API calls and functions are common sources used by malware researchers to detect malware due to their effectiveness compared to other features. API-based features can be extracted from both static and dynamic analysis. The API functions extracted from the static analysis represent the expected behavior of the malware, while the API calls extracted from the dynamic analysis represent the actual behavior. These two sources of features are not mutually exclusive in malware analysis. Therefore, the presence of hybrid malware can be indicated by the absence of API calls during dynamic analysis, and its presence in the static analysis may indicate obfuscated malware. Moreover, the absence of the API functions during static analysis and their presence during dynamic analysis may indicate evasive malware behavior. The correlation between the API features that are extracted from the dynamic and static analysis can be used to improve the detection effectiveness of the existing malware solutions [
13].
Although some hybrid malware detection models integrate features from both dynamic and static analysis as reported in the literature, to our knowledge, such correlations have not been used to design an effective malware detection model. Therefore, a hybrid model that considers the correlation between the features extracted from the dynamic and static analysis is essential to improve the effectiveness of the existing hybrid models to overcome the challenge of evasive and obfuscated malware. In addition, in this study, the XGBoost and ANN classifiers were cascaded to significantly improve model performance by leveraging the complementary strengths of both models, performing effective feature engineering and ensemble learning, capturing non-linear relationships, and preventing overfitting. Furthermore, the complexity of malware behaviors and the continuous evolution of malware obfuscation techniques require advanced and intelligent detection systems that can adapt to new threats. The use of machine learning and data mining techniques has shown great potential in developing intelligent detection systems capable of identifying unknown malware with high accuracy.

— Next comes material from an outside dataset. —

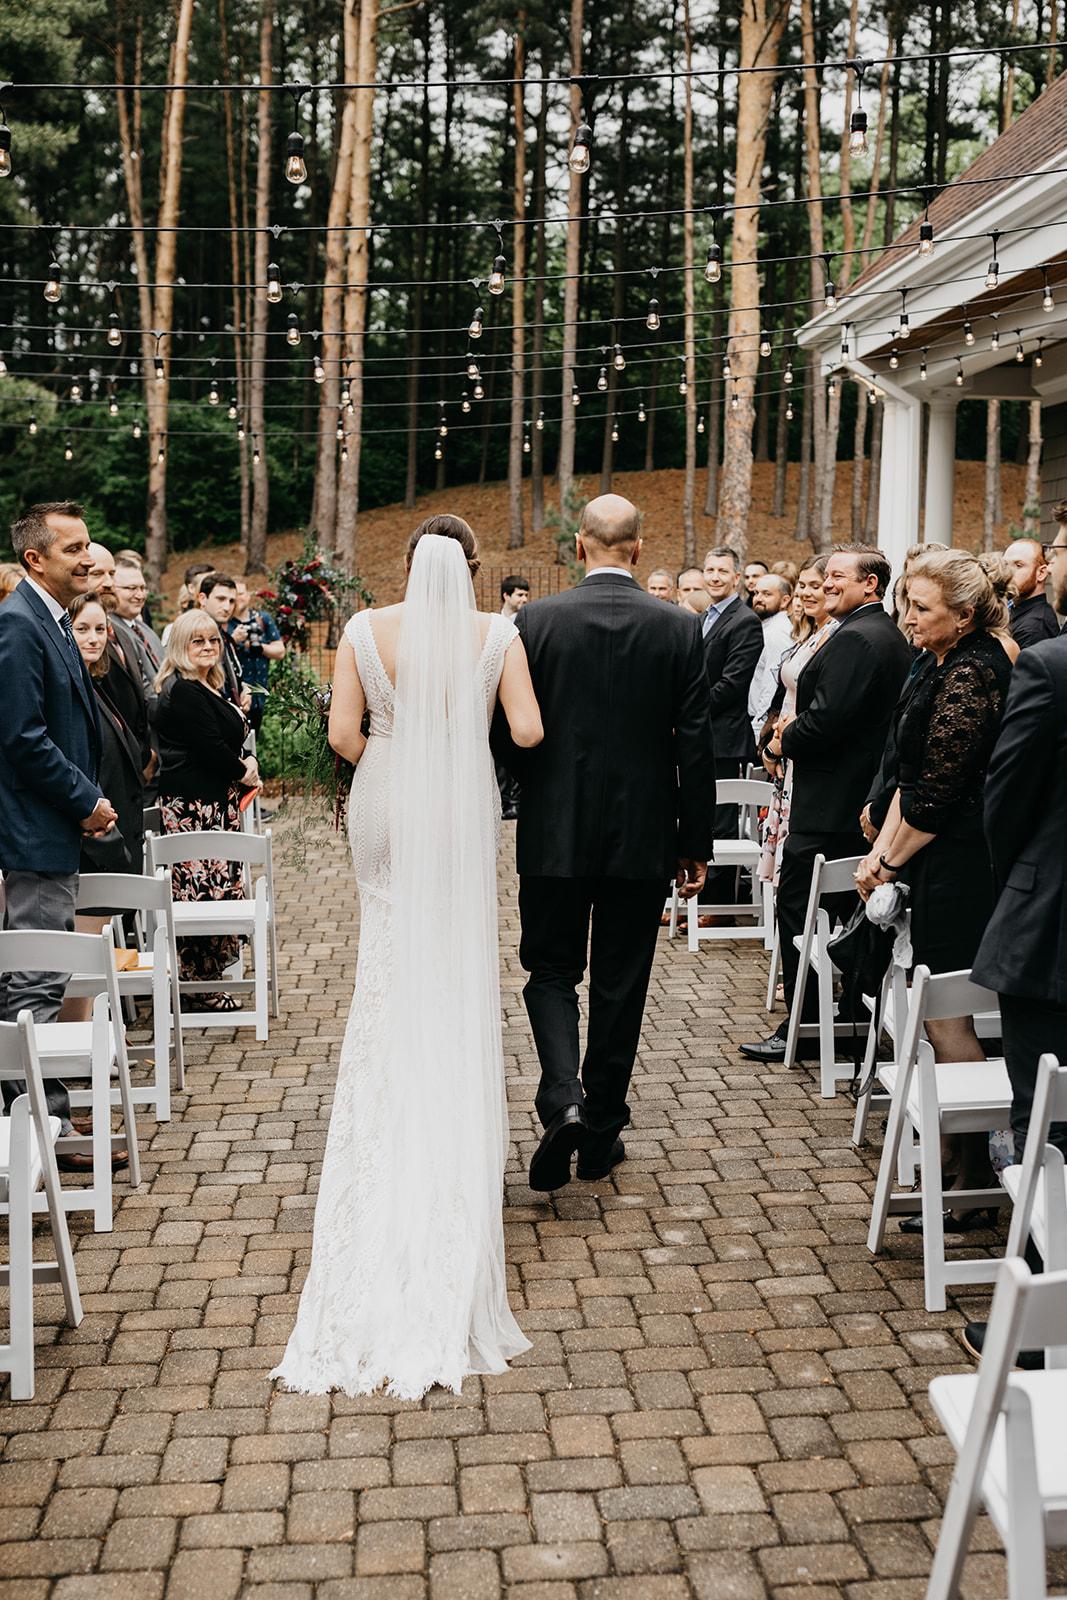 2019-06-01-00-Lindsey+Mat-06_Ceremony-meandhimphoto-0031-K5D44630.jpg

In recent years, numerous research efforts have focused on developing hybrid malware detection models that combine features extracted from both static and dynamic analysis. Static analysis-based features are used to characterize the malware’s silent features, such as metadata and structure, while dynamic analysis-based features represent the malware’s behavior during runtime. However, the correlation between API calls extracted from static and dynamic features has not been fully utilized to improve the detection performance of hybrid models. This study aims to address such a challenge by designing and developing a similarity-based hybrid malware detection model based on API-based features extracted from static and dynamic analyses. The main aims of this study can be summarized as follows:
To develop a similarity-based hybrid malware detection model named HAPI-MDM, integrating static and dynamic analysis techniques. The hypothesis is that the presence of API calls in one approach and its absence in the other approach are an indication of obfuscation and can be used to improve detection performance.
To leverage the correlation between the API calls and functions extracted from dynamic and static analyses, thus enabling our proposed model to better detect evasive and obfuscated malware.
To utilize the extreme gradient boosting (XGBoost) and artificial neural network (ANN) algorithms in developing two prediction models based on features extracted from both dynamic and static analyses. The output scores of these models, along with similarity features, are then used to build a classifier using ANN algorithms for decision-making.
To improve the performance of the proposed model through a two-layer ensemble classifier design using the XGBoost and ANN algorithms. By cascading XGBoost and ANN, we aim to take advantage of the complementary strengths of both models, perform effective feature engineering and ensemble learning, capture non-linear relationships, and prevent overfitting.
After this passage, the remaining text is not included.